My JBL PX300.4 goes into protect with nothing hooked up but the power wires.
The pinout voltages of the tl494 are
1. 1.2mV
2 4.98V
3 56.8mV
4 4.97V
5 1.465V
6 3.66V
7 1.3mV
8 12.31V
9 .6mV
10 .6mV
11 12.3V
12 12.3V
13 4.98V
14 4.98V
15 4.98V
16 3.88V

The amps power light flickers on sporadically. I applied ground to pin 4 and the amp wanted to switch on but it always went back into protect.

This pin has thermal, dc offset, and i believe short protection on it.
I can upload the schematics if needed


----------



## Morganpartee (Jul 2, 2009)

Looks like something is burnt out preceding that pin then. Check diodes.


----------



## sonikaccord (Jun 15, 2008)

I've found something that corresponds to the amp coming on for a split second and going back into protect. The rear channel has a small offset voltage and the left channel has zero. When the amp comes on the offest voltage is at about 0V and then when it goes back into protect it jumps up to about 180-190mV then slowly decreases back down and the cycle repeats itself.

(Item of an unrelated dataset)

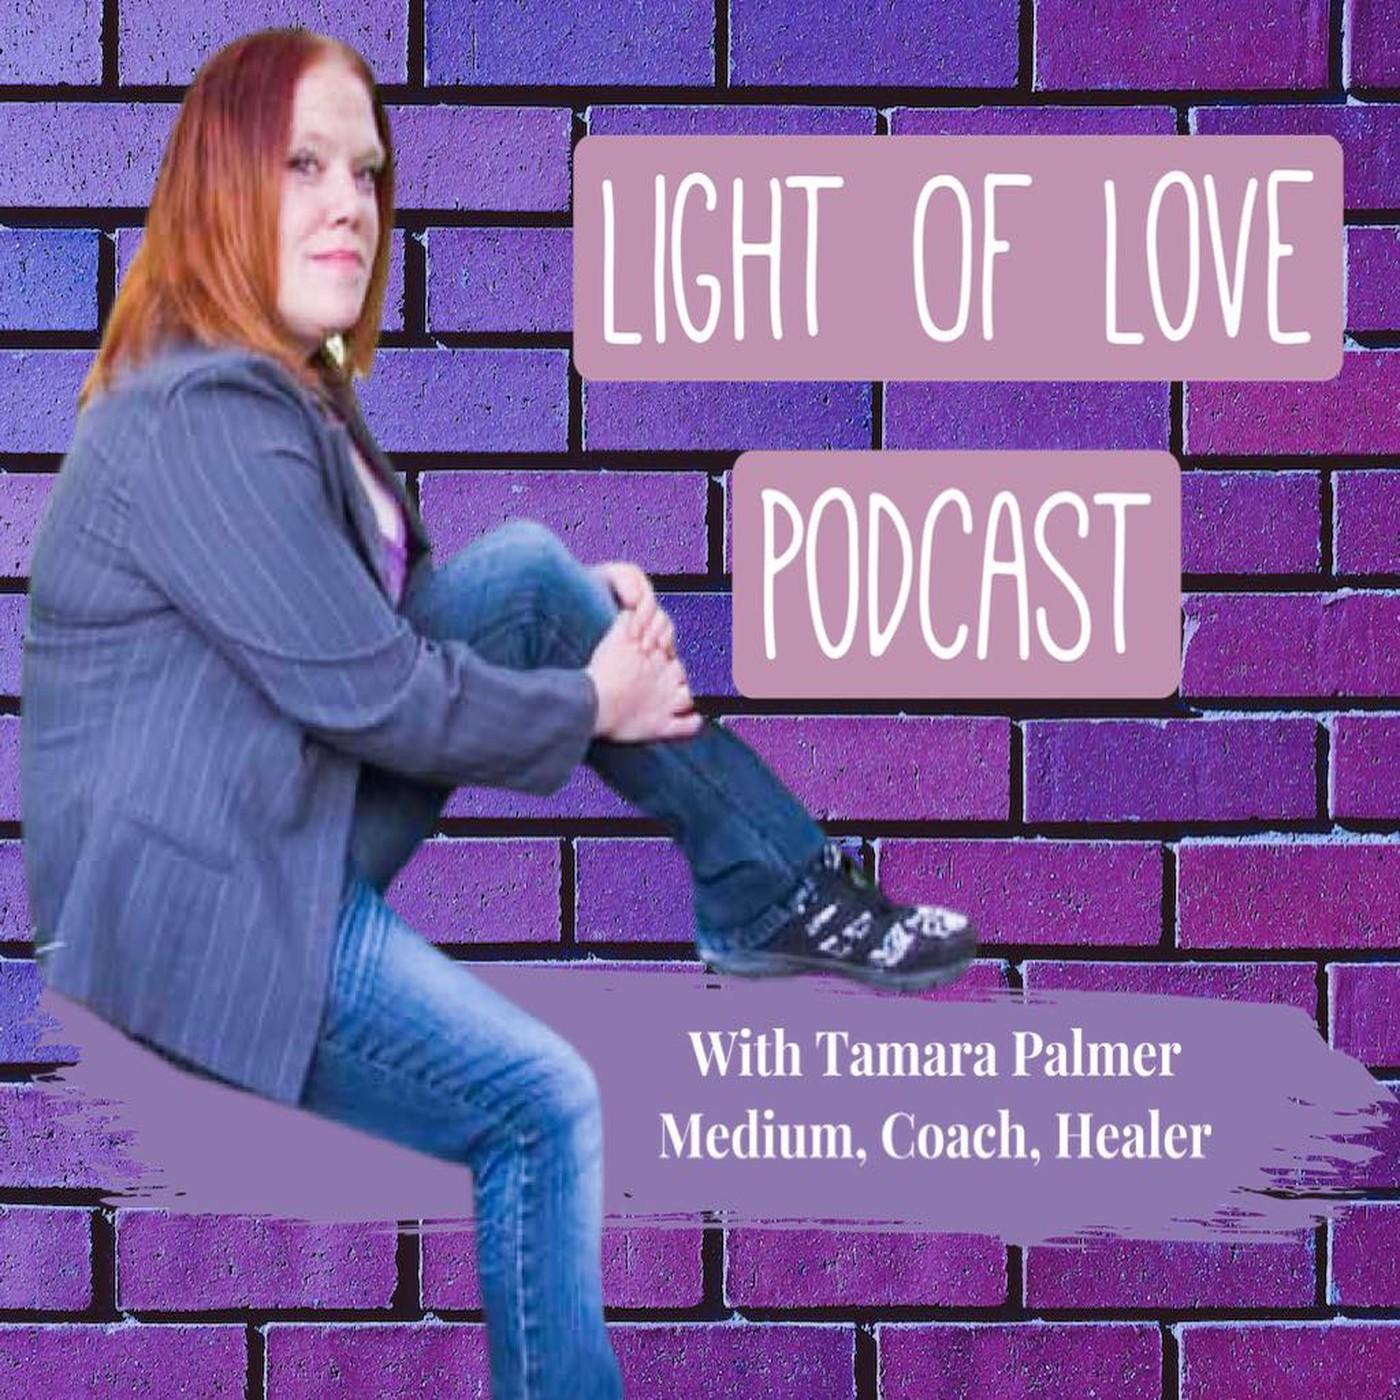 Light Of Love Podcast with Tamara Palmer Medium, Coach, Healer

Could this be a bad cap somewhere?


----------



## sqshoestring (Jun 19, 2007)

Usually pin 3 is high if it is protecting, depending on how they are using the 494. If 3 and 4 are low and it still does not run, then I'd wonder about the IC being bad. Assuming 9 and 10 run the power supply if you ground 4 the power supply should light up. On the other hand I'd find out why pin 4 is high, if you can lift something before it try to see if the voltage is from the IC or elsewhere, and if elsewhere then what. I'm not that familiar with JBLs.


----------



## sonikaccord (Jun 15, 2008)

Every time I ground pin 4, the power supply will come on and then go right back into protect. I'm assuming something is turning on a transistor that's connected to the protection circuit but I'm not sure where to find it.


----------



## DanMan (Jul 18, 2008)

Check out the Diy audio forum. Perry Babin, the dude who made the BCAE site, is extremely helpful with amp issues.


----------